### Task instructions
Look below for the line containing "الزيارات الذكية لمنازل" and the line containing "Central square in Kiev, Ukraine"; repeat exactly those two lines and all lines between them, and nothing else.

Stored dataset items
***

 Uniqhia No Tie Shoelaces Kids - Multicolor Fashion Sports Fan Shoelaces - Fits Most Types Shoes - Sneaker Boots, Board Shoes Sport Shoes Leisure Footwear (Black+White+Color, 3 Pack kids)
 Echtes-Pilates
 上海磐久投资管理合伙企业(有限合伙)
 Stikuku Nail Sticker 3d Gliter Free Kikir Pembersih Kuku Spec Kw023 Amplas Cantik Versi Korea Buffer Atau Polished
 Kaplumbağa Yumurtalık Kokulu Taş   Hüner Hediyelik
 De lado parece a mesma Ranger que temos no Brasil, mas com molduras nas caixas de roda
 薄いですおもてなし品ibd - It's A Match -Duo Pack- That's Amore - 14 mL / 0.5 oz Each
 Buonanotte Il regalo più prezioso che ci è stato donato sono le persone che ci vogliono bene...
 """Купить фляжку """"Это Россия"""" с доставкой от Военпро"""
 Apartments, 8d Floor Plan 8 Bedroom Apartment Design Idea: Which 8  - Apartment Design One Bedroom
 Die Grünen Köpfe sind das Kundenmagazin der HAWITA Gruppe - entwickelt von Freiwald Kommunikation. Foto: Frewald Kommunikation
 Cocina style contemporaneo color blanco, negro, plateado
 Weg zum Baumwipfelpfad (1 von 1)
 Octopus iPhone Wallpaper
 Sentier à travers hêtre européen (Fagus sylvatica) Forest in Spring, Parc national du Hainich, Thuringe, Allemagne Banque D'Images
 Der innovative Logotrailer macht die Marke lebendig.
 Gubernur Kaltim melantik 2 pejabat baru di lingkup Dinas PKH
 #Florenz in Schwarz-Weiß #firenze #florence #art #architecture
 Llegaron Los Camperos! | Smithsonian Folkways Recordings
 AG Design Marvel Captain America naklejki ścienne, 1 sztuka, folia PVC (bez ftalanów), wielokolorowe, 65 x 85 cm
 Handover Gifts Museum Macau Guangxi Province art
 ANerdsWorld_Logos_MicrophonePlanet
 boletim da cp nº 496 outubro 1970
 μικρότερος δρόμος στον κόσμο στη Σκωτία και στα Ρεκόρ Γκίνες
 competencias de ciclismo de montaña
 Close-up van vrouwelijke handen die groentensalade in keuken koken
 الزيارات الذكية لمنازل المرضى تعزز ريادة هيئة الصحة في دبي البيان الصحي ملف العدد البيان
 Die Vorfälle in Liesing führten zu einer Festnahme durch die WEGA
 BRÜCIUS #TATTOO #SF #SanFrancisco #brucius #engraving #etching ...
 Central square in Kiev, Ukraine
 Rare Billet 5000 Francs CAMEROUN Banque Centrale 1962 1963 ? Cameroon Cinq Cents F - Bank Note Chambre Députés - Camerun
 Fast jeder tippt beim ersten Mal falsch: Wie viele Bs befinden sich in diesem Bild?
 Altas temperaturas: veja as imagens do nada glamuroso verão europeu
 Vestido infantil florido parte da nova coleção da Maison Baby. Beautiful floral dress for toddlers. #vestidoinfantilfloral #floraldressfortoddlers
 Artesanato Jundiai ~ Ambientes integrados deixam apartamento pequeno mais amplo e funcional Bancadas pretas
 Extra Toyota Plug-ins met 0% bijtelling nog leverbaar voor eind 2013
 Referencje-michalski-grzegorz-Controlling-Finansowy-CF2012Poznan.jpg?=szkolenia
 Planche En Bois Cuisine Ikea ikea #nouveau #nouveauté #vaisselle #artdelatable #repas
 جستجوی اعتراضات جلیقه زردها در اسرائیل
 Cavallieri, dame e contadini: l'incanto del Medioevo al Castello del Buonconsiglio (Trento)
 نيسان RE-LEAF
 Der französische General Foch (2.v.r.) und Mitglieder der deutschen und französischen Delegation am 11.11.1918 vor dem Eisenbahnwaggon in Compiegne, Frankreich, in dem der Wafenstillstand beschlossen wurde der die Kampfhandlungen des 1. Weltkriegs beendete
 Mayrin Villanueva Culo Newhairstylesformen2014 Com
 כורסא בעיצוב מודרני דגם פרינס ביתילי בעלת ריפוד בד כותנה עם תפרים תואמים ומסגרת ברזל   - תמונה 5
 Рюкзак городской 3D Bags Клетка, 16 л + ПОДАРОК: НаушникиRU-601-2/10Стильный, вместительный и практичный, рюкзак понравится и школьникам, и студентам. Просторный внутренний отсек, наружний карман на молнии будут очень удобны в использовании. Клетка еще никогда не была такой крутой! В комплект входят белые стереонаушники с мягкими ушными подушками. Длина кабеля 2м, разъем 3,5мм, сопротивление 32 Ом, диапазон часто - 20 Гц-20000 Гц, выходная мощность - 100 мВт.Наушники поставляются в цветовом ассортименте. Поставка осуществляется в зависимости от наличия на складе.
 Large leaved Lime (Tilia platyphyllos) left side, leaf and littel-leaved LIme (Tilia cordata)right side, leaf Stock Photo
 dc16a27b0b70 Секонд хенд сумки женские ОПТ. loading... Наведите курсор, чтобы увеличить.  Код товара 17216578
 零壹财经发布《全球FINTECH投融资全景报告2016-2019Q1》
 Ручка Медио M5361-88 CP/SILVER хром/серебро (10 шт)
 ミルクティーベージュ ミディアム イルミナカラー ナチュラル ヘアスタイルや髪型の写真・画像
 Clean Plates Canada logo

***

### Answer box
 الزيارات الذكية لمنازل المرضى تعزز ريادة هيئة الصحة في دبي البيان الصحي ملف العدد البيان
 Die Vorfälle in Liesing führten zu einer Festnahme durch die WEGA
 BRÜCIUS #TATTOO #SF #SanFrancisco #brucius #engraving #etching ...
 Central square in Kiev, Ukraine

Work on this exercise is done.